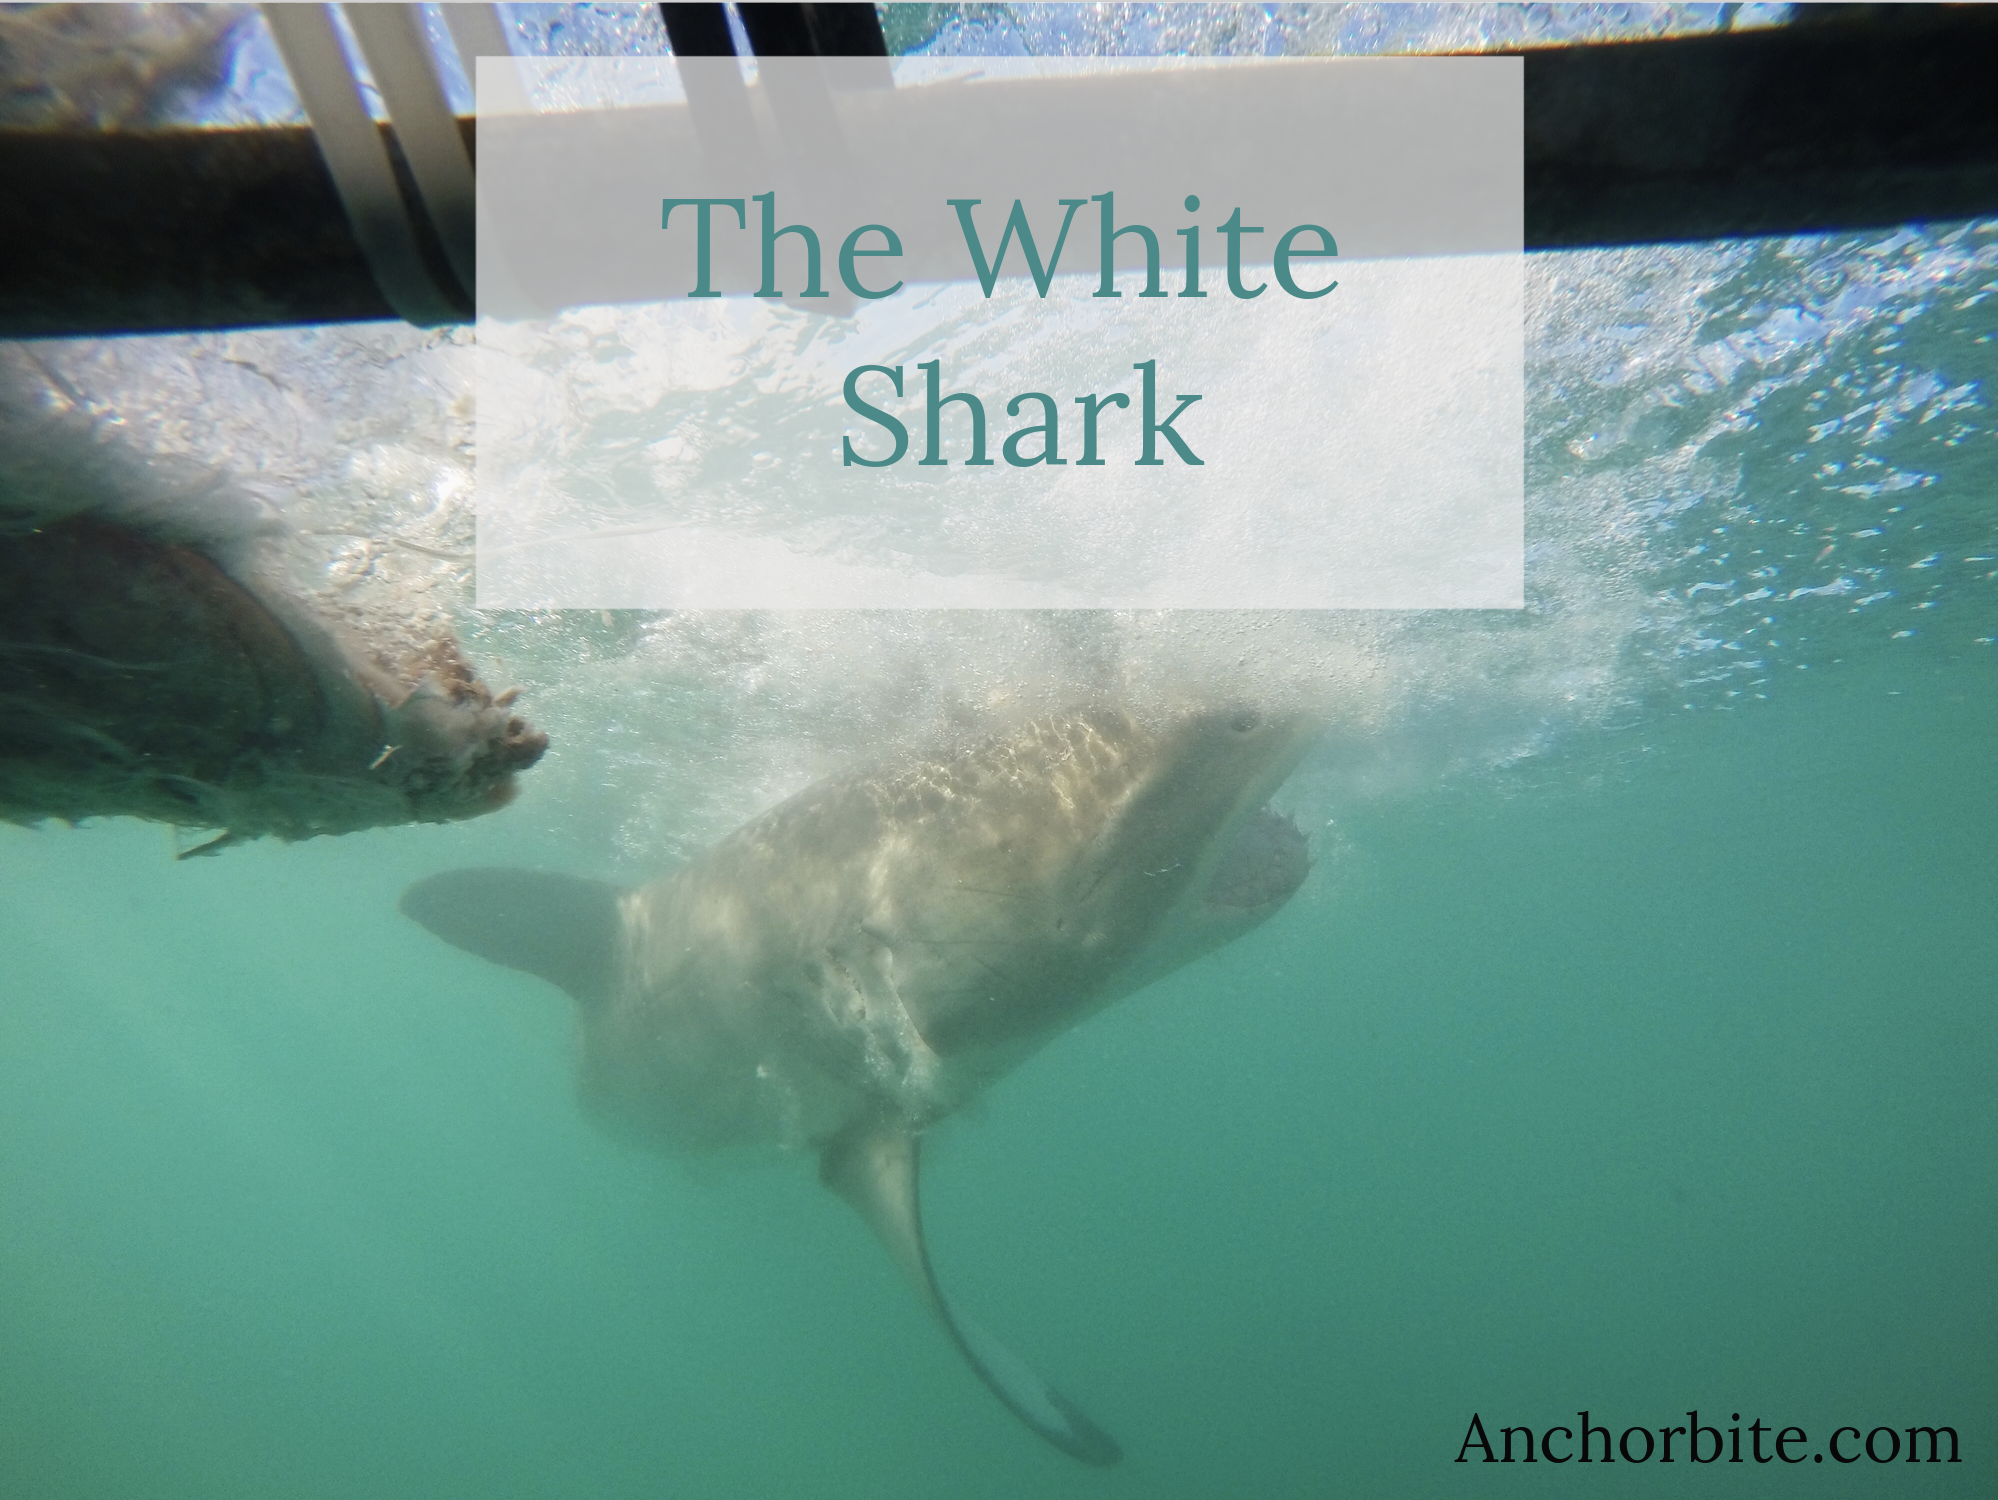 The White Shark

--

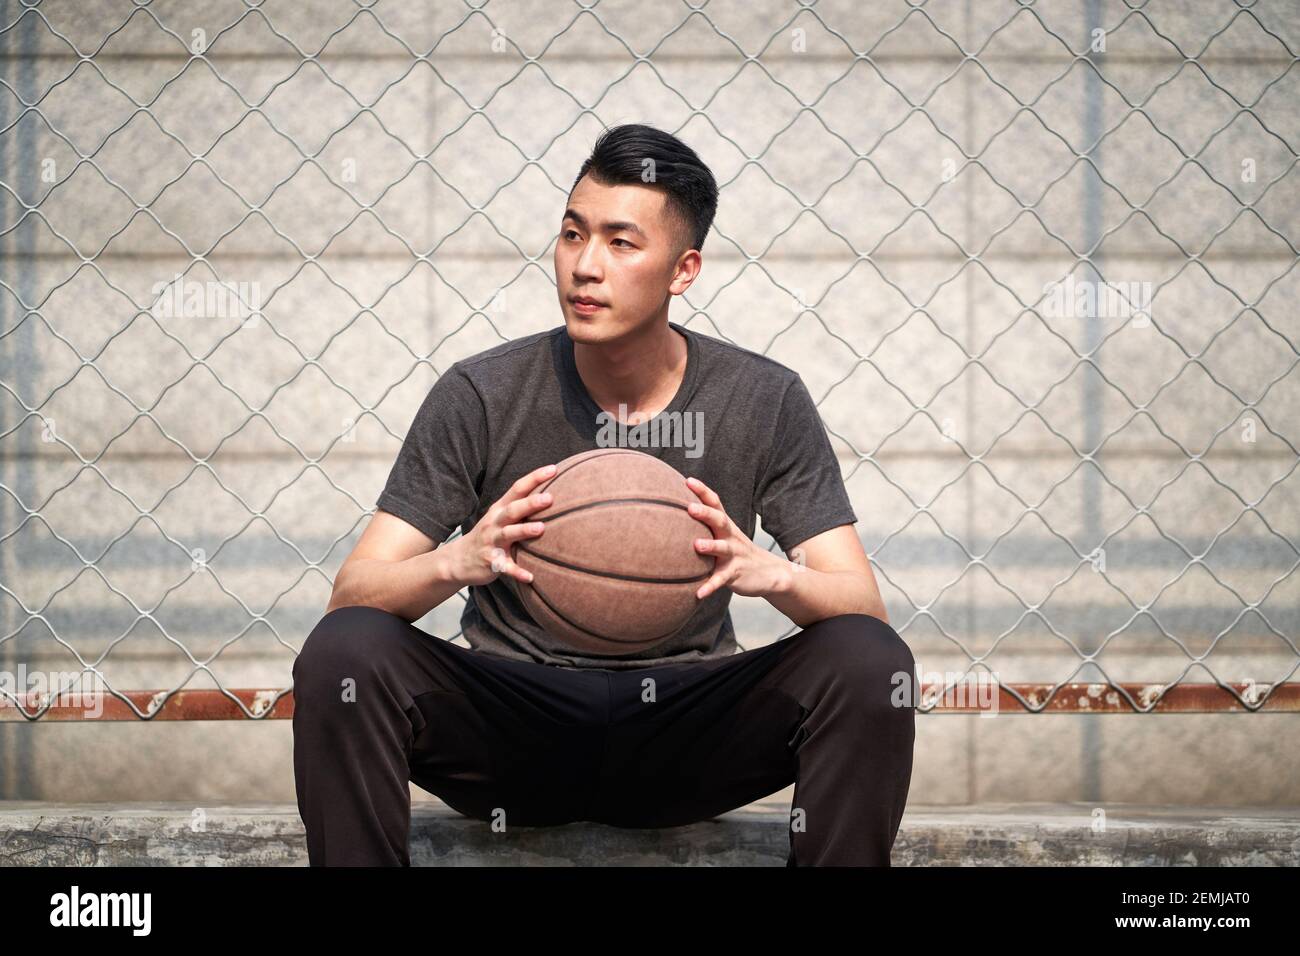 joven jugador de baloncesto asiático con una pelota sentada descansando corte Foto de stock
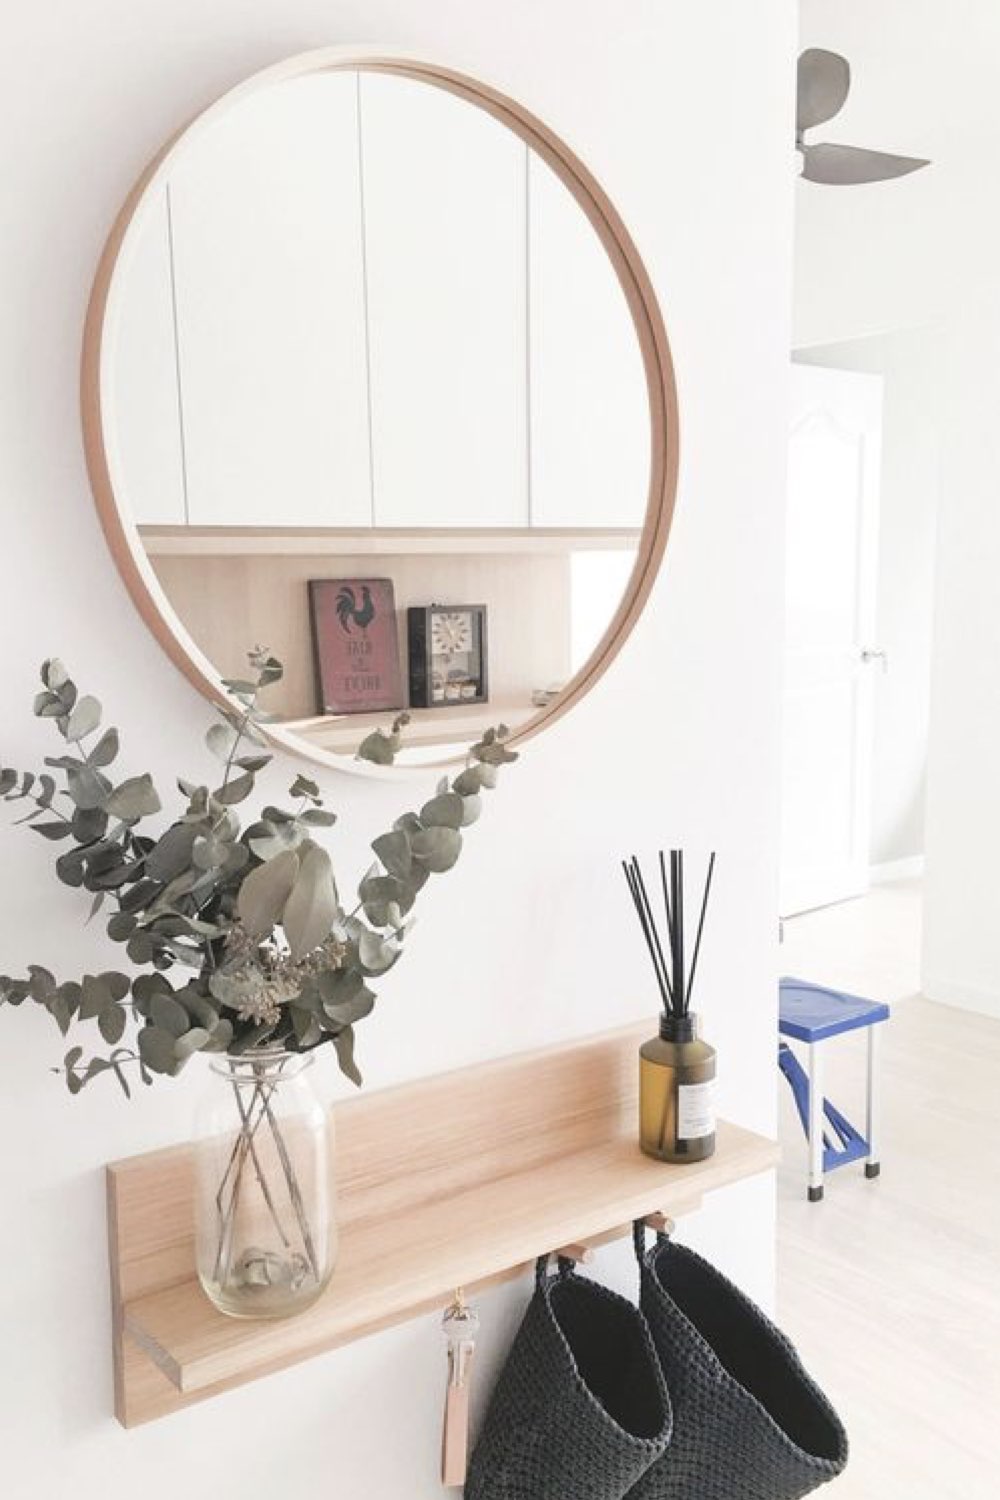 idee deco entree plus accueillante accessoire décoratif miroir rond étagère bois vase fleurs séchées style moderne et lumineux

(WHAT YOU ARE ASKED TO DO): Output only the lines above from the line that holds "joven jugador de" through the line that holds "idee deco entree", both ends included, and exclude pictures.

(ANSWER BELOW):
 joven jugador de baloncesto asiático con una pelota sentada descansando corte Foto de stock
 idee deco entree plus accueillante accessoire décoratif miroir rond étagère bois vase fleurs séchées style moderne et lumineux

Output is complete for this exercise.